Numbers in Ascending or Descending Order

  • Post category:Reading

Topic: Numbers

Mode: Interpretive

Level: Novice

Students will rearrange number cards in ascending and descending order.

Version 1

Instructions to the teacher

This activity could be done with numbers in written form or, if your language uses a different script for numbers, in their numerical form.

Ascending

  1. eight, two, four, six (two, four, six eight)
  2. five, three, seven, nine (three, five, seven, nine)
  3. seven, one, three, five (one, three, five, seven)
  4. six, ten, eight, four (four, six, eight, ten)
  5. twelve, three, nine, six (three, six, nine, twelve)
  6. five, six, four, seven (four, five, six, seven)
  7. six, nine, four, one (one, four, six, nine)
  8. five, ten, eight, two (two, five, eight, ten)

Descending

  1. seven, three, one, five (seven, five, three, one)
  2. nine, six, four, three (nine, six, four, three)
  3. eight, nine, ten, seven (ten, nine, eight, seven)
  4. eight, seven, six, five (eight, seven, six, five)
  5. four, one, two, three (four, three, two, one)
  6. eight, four, two, nine (nine, eight, four, two)
  7. eight, four, two, six (eight, six, four, two)
  8. five, zero, ten, fifteen (fifteen, ten, five, zero)

Version 2

Instruction to the teacher 

1. Write down on separate cards numbers 1-20 in words in the target language. Make more number cards as necessary.

2. Scramble the order of the numbers.

3. Give the number cards to students.

4. Ask students to work with table partners and rearrange the number cards in ascending order. Make this into a race to increase the excitement level!
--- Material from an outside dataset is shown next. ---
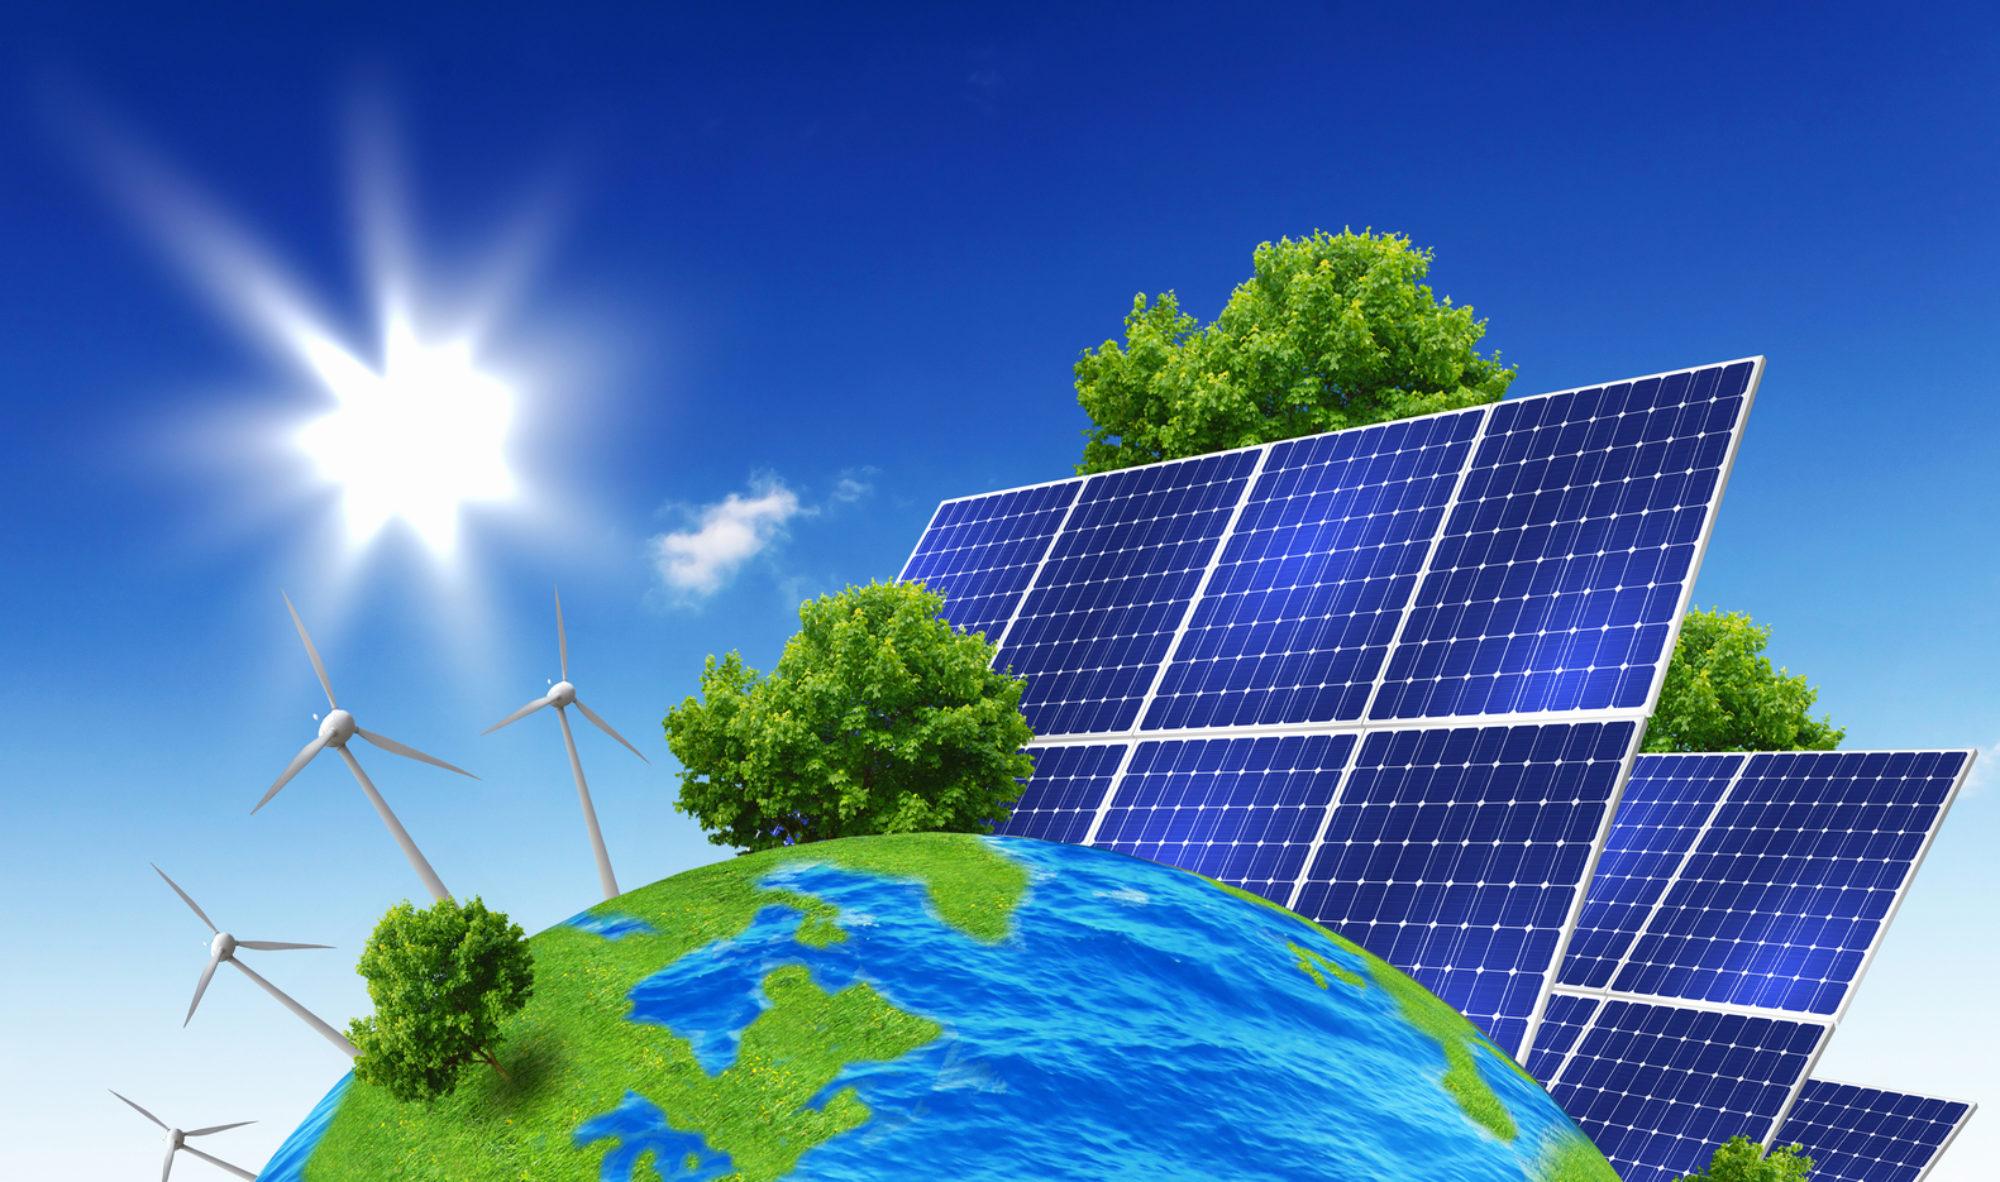 Sziget üzemű napelem rendszerek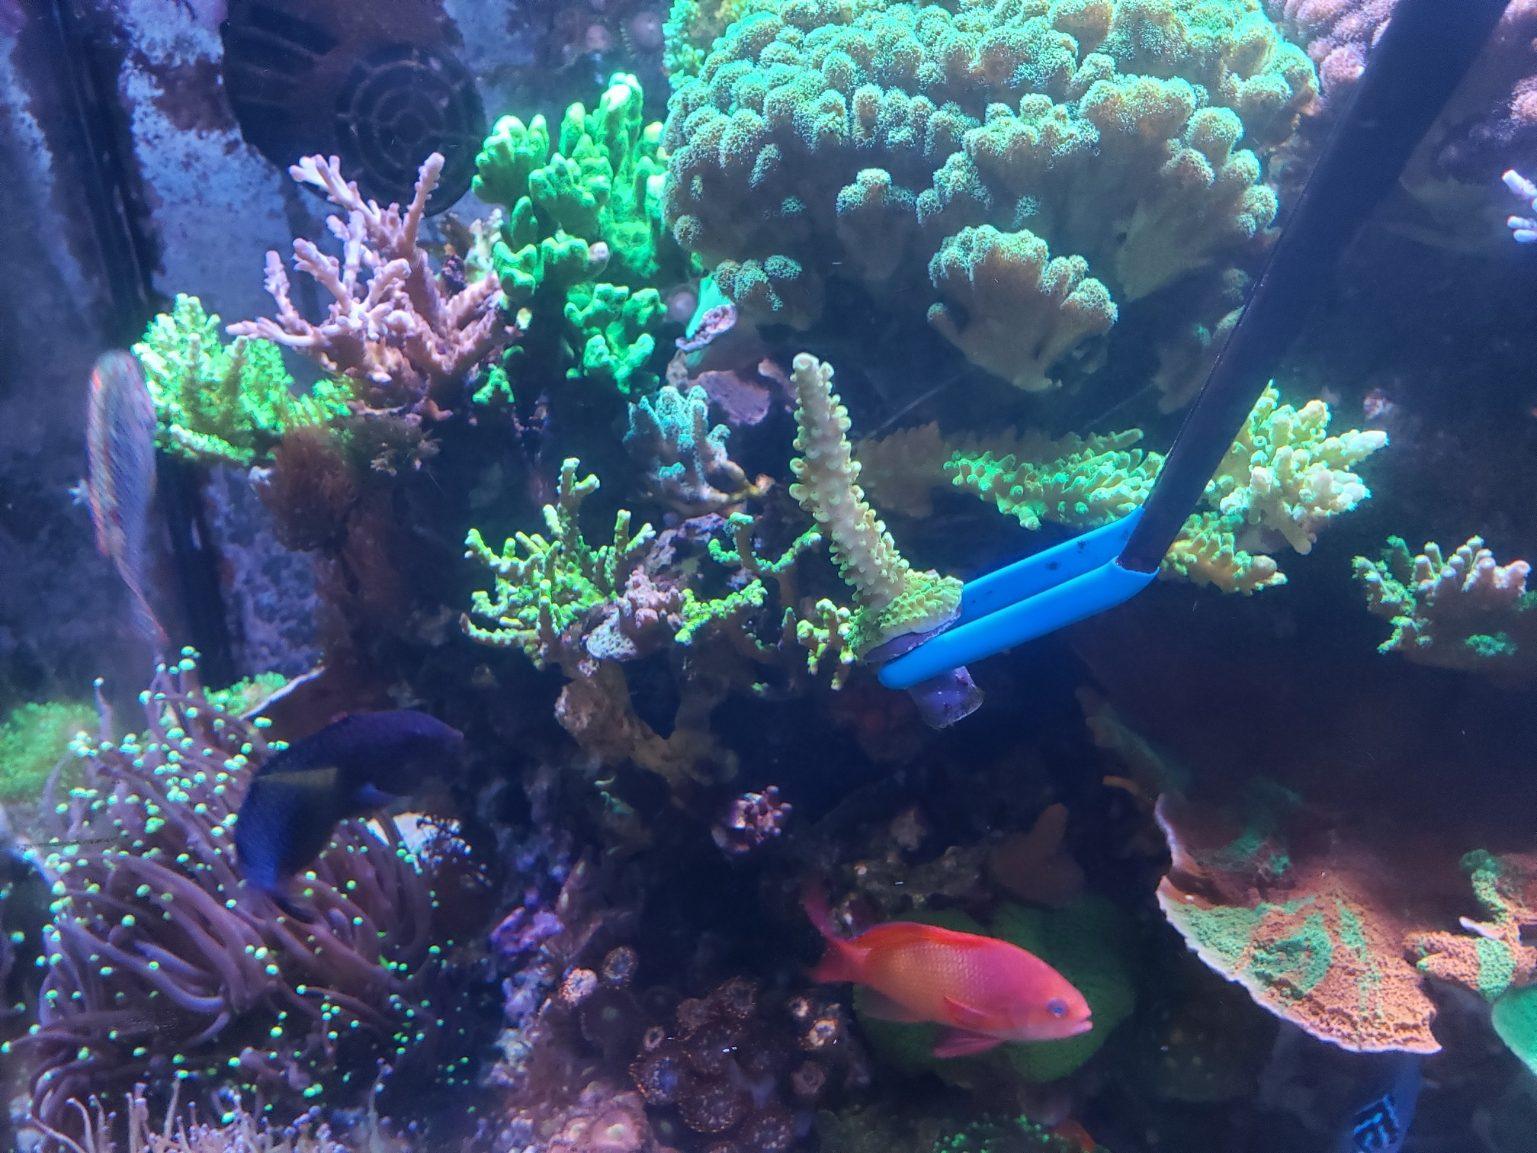 New Coral FRAG Propagation FRAGGING Set KIT Reef DIY Hard Soft Live Tools CRL-0032 PRECISE CANADA

5. Students can reshuffle their cards and do descending order next, or this can be saved for another time.

To make this more challenging, you could remove some of the number cards at random from each set. Keep a stack of blank cards at the front of the room. Students must identify the missing numbers and make cards to fill in the blanks. This would make the race more competitive.